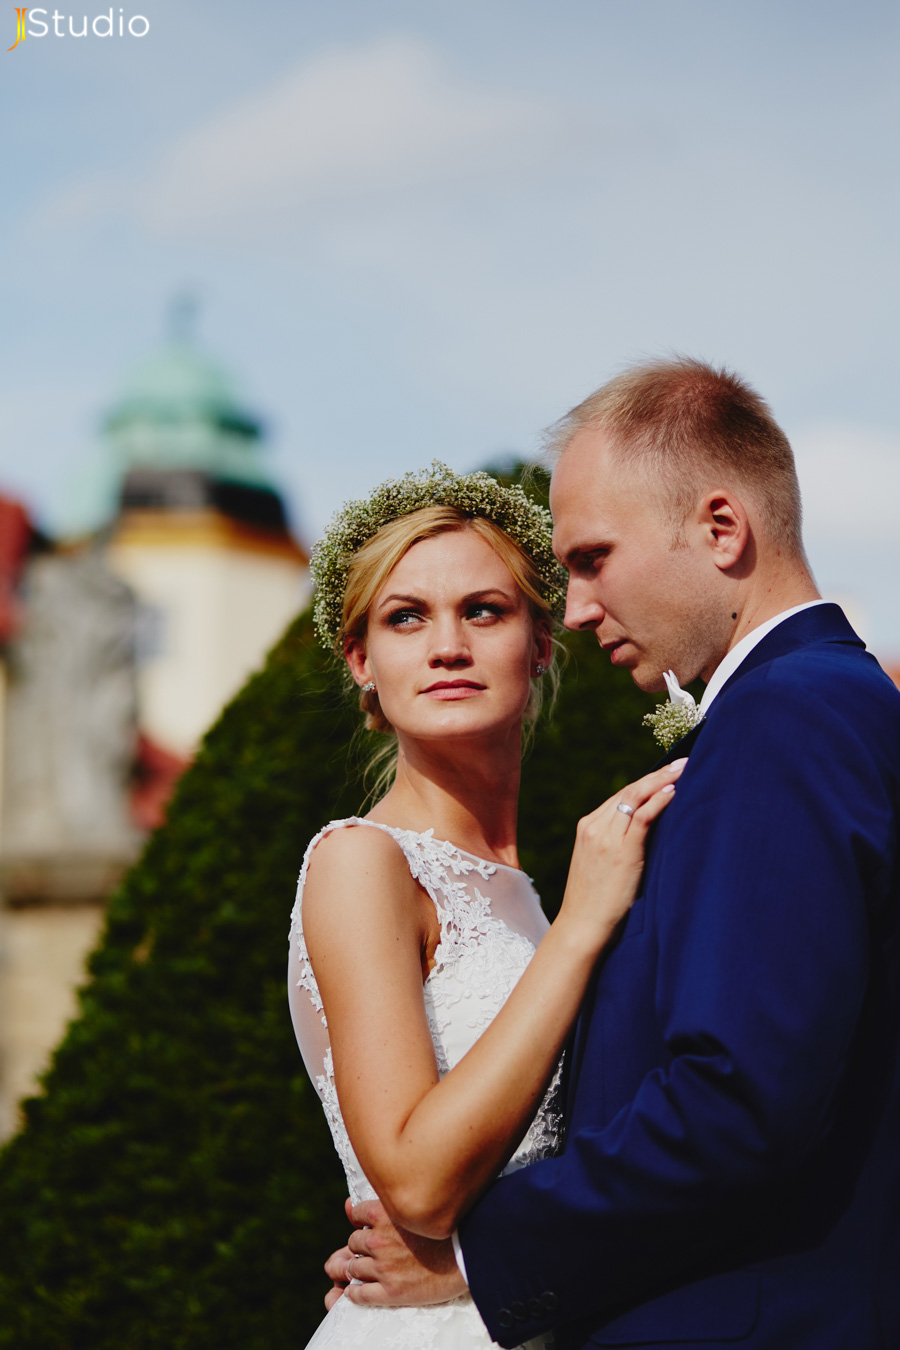 sesja-karpacz-jstudio-net-pl-blog-30-of-35
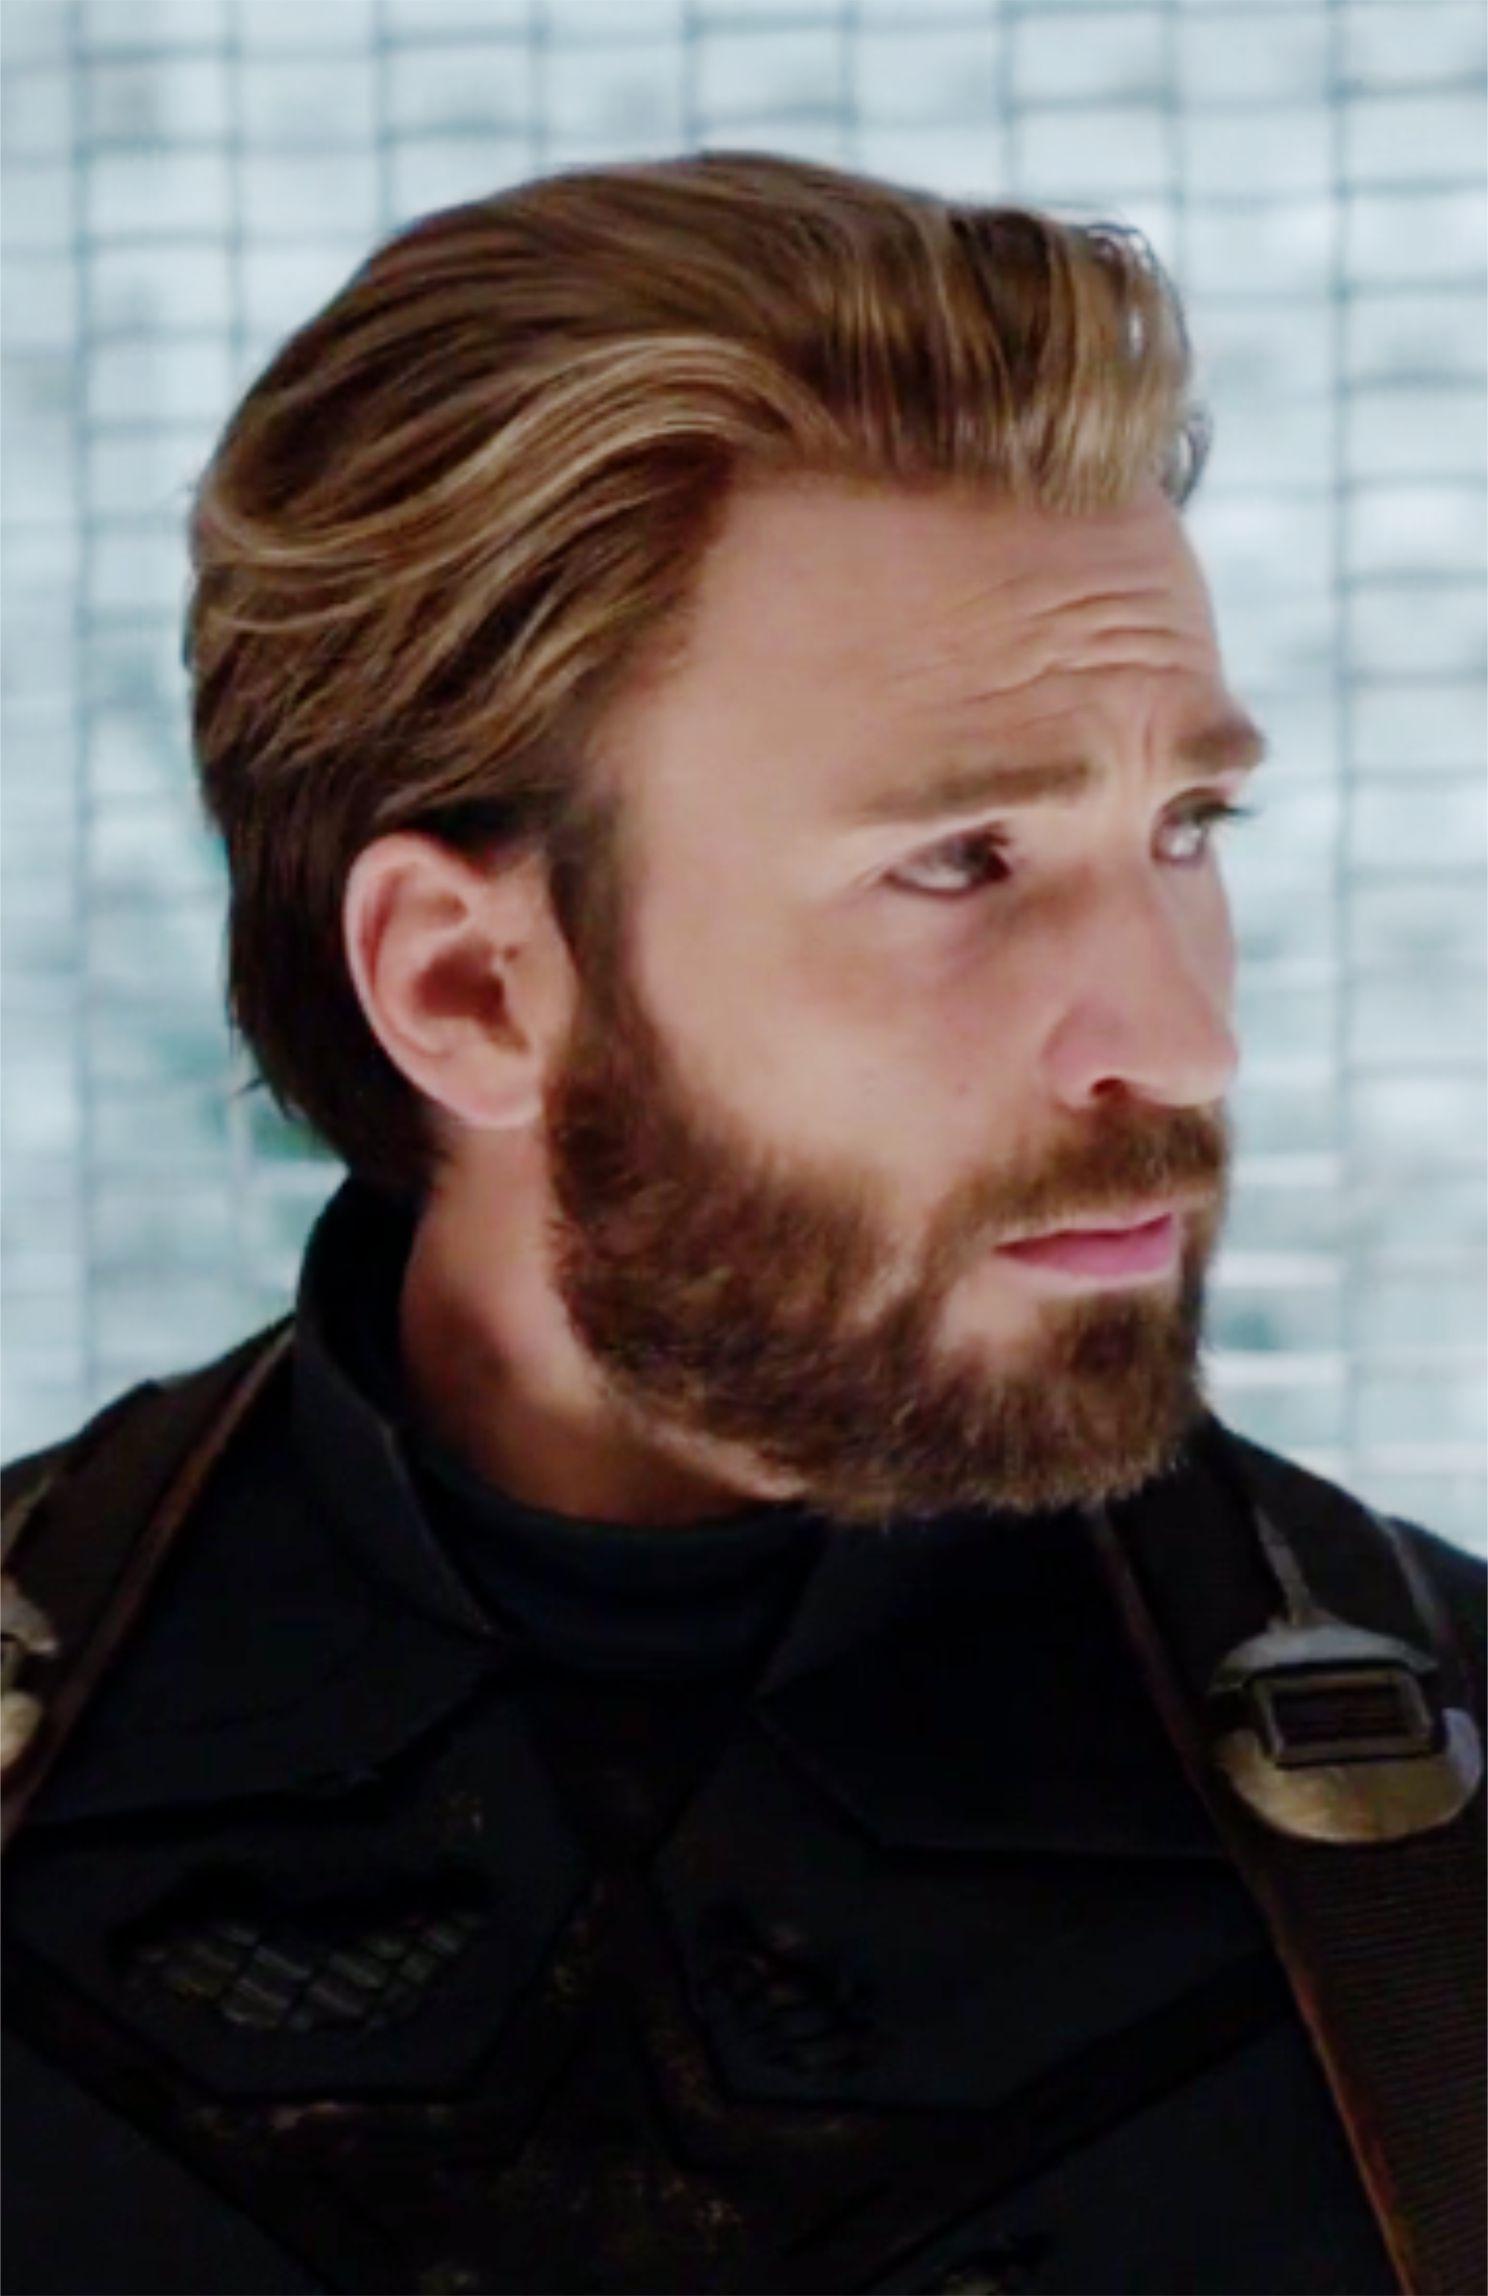 Captain America - Infinity War  Chris evans haircut, Chris evans
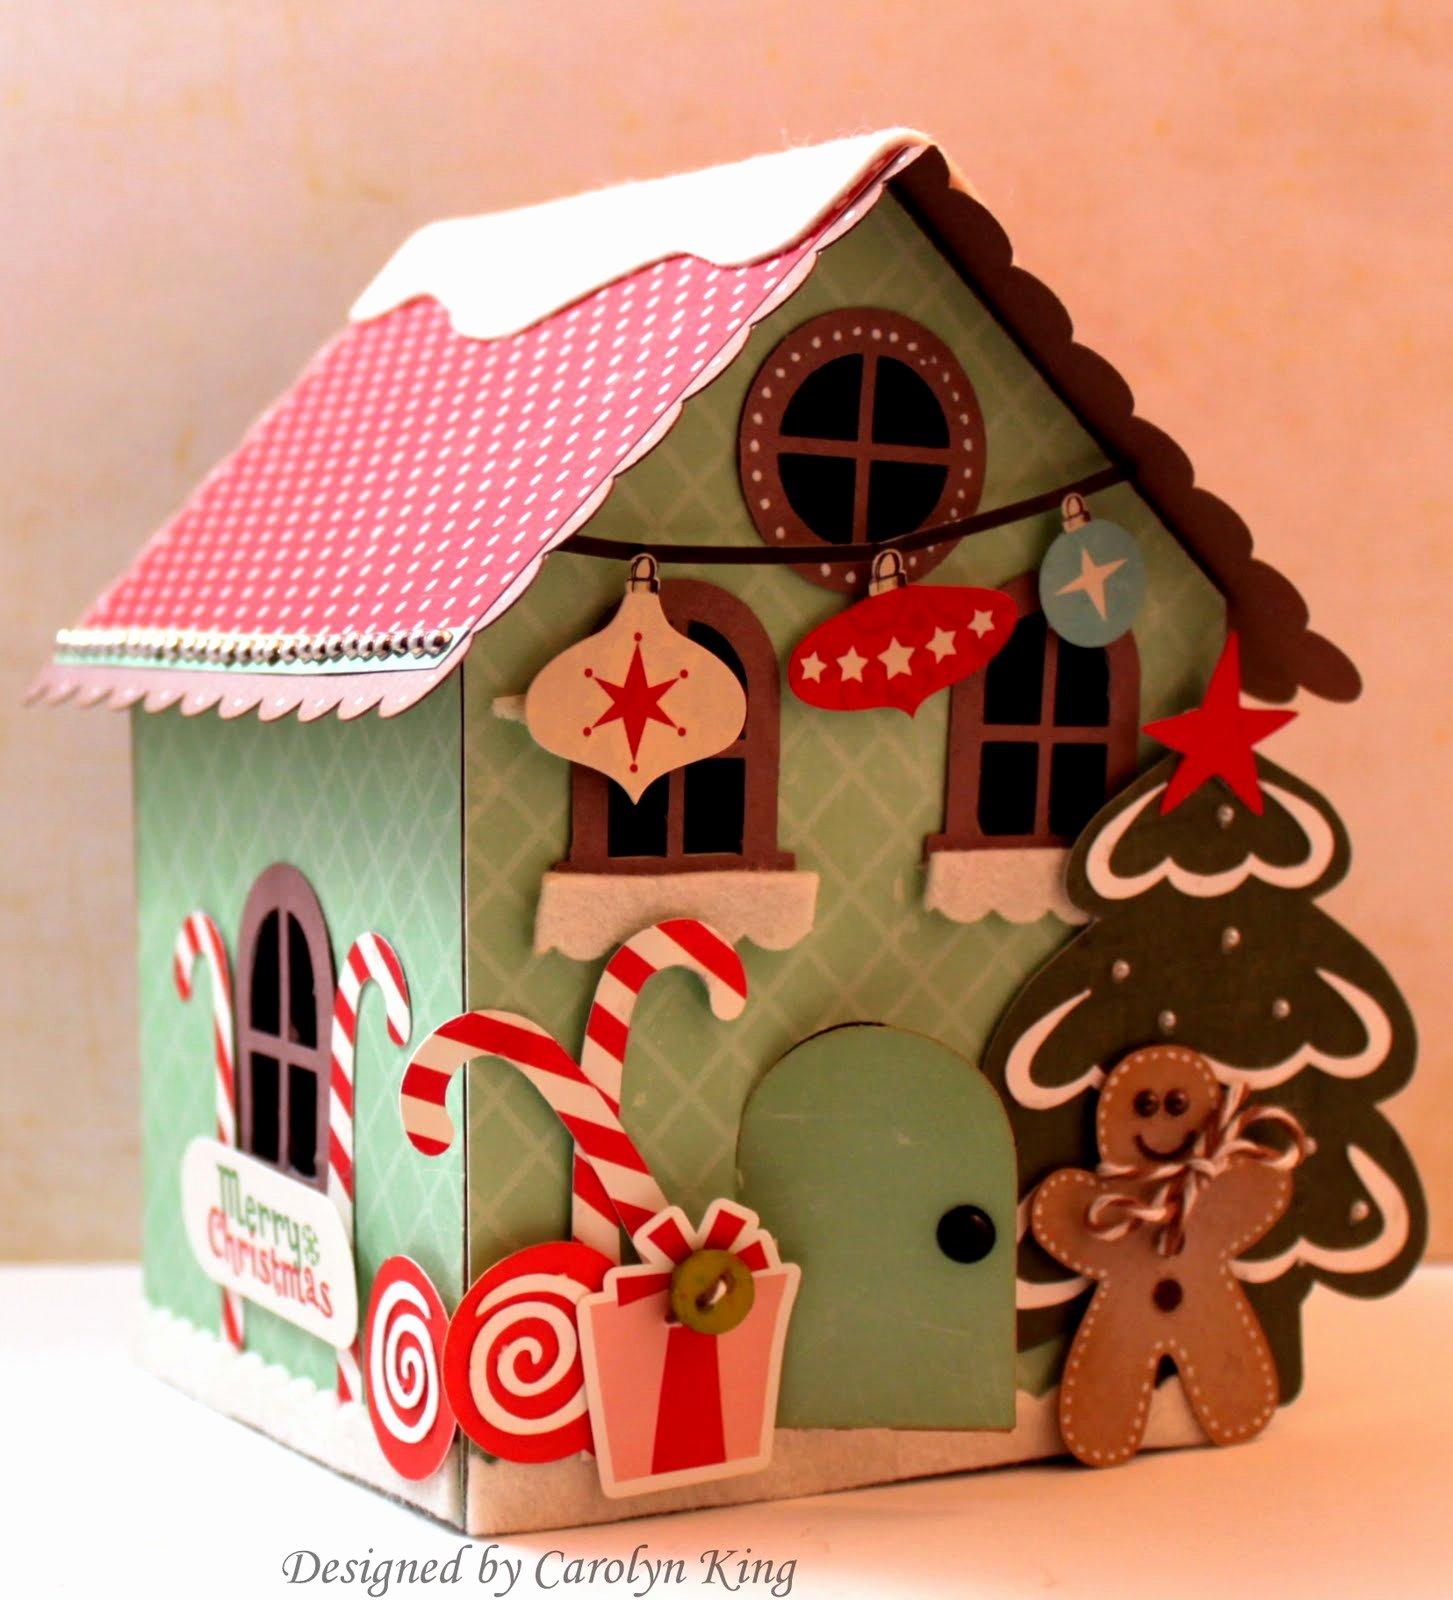 Cardboard Gingerbread House Elegant My Blog Gingerbread House

☆ ☆ ☆ ☆ ☆ ☆ ☆

Every line of the listing is to be repeated exactly, and the pictures are to be dropped.

ANSWER AREA:
 sesja-karpacz-jstudio-net-pl-blog-30-of-35
 Captain America - Infinity War  Chris evans haircut, Chris evans
 Cardboard Gingerbread House Elegant My Blog Gingerbread House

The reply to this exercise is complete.